I know someone with a teaching background in tertiary education (no phd) contemplating changing career to become an instructional designer, but they’ve asked me a few questions. As one part of a response for them I thought I’d post those questions and ask y’all what you think…
Are there flexible Instructional Design jobs?
At first glance, instructional design (or learning design if you prefer) looks like a job you could do from anywhere and which need not be full time. However, in practice, all the instructional designers I know and all the instructional designer jobs I’ve seen advertised are full time and tied to being in an office at a specific campus or business location. Given the intensive and collaborative nature of instructional design work thisdoesn’t surprise me but I wonder if I’m seeing all the picture. Is there a wider part-time/ distance or contract work market?
What should an Instructional Designer study?
There are different approaches to getting into instructional design.
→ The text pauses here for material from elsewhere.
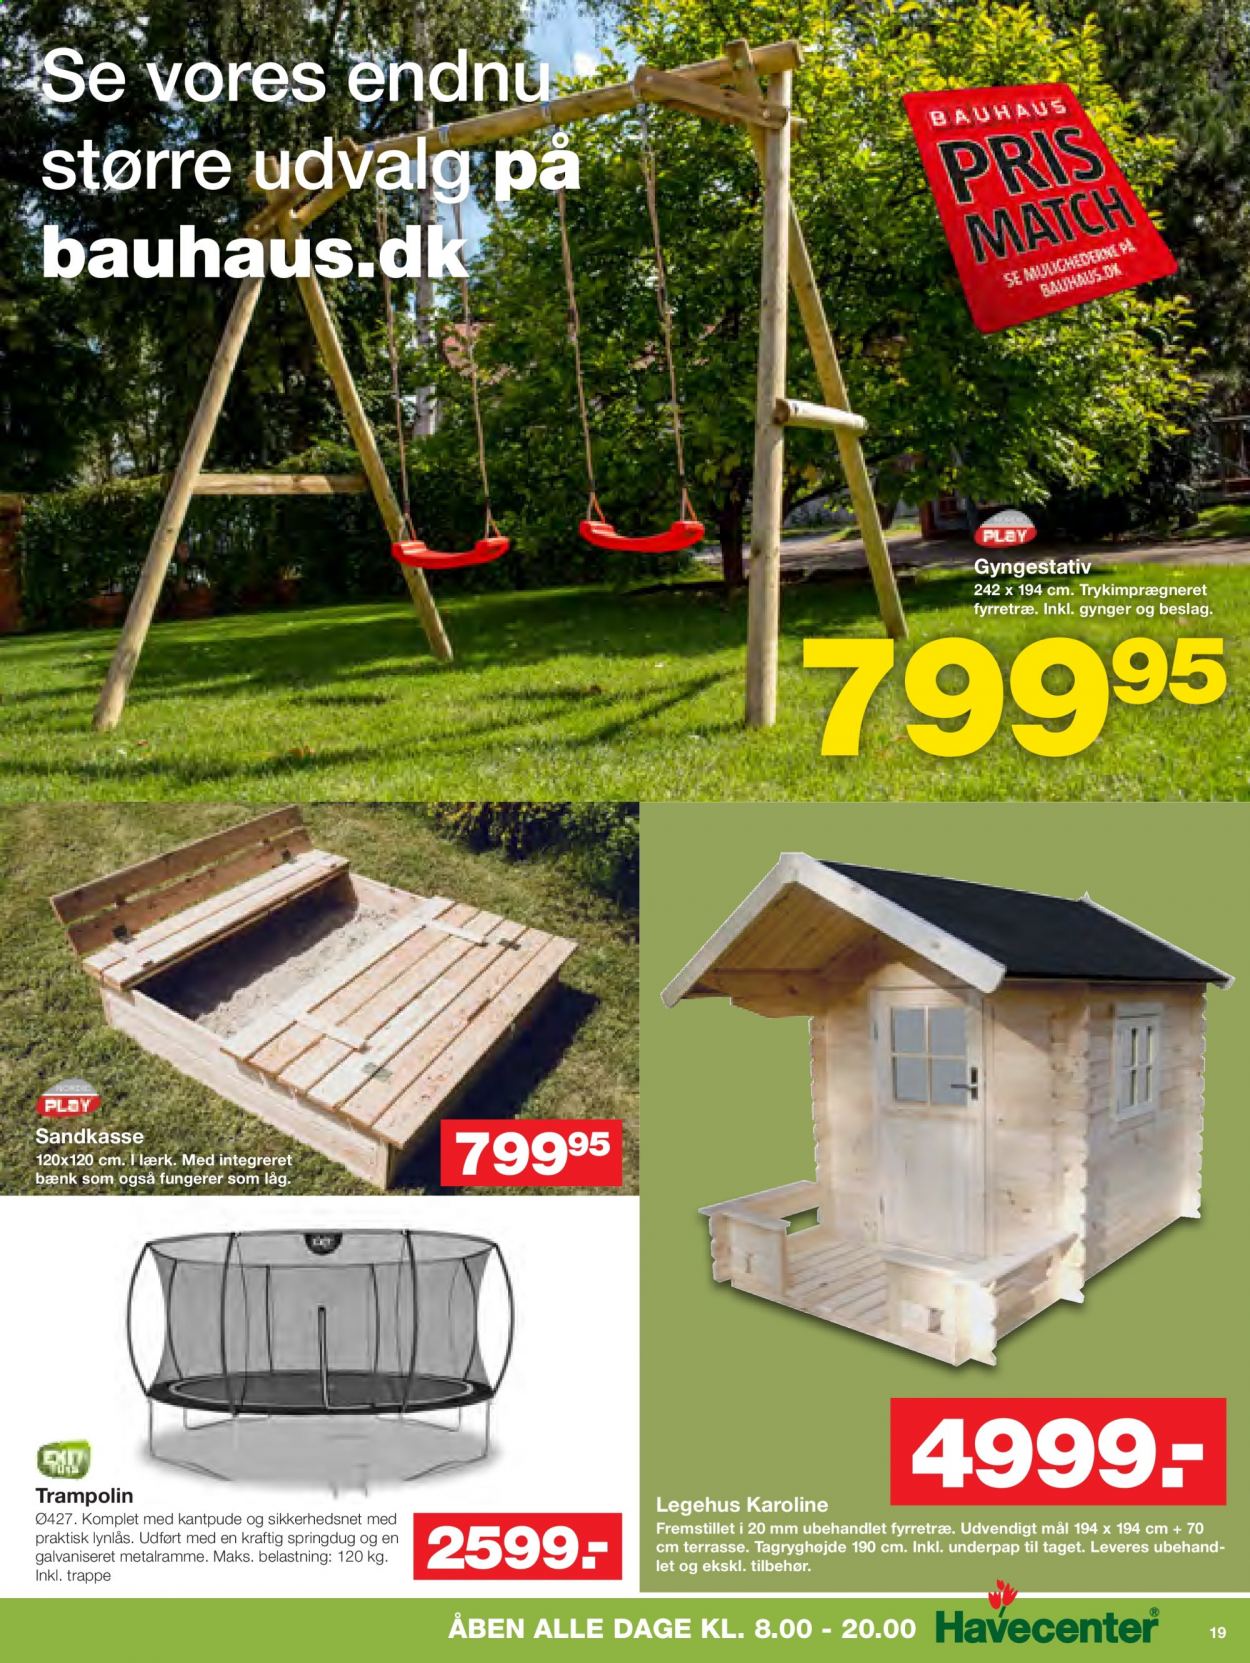 Bauhaus tilbudsavis  - 13.05.2021 - 20.05.2021. Side 19.

There’s instructional design specific Master’s courses, education Master’s with a strong instructional design element, and a relevant Master’s and add instructional design Certificate.
For someone shifting direction to instructional design or wanting to add instructional design as part of a transition to other stuff – does it matter what you study?
How does an Instructional Designer get started?
And finally the over-riding note I’ve heard in conversations so far is experience trumps all, and most folk are looking to hire instructional designers with 2+ yrs of experience. So… what opportunities are there to get instructional design experience alongside (or, in any way before?) studying it.
In case this is of wider interest I thought I’d set this up as a post here and invite comment.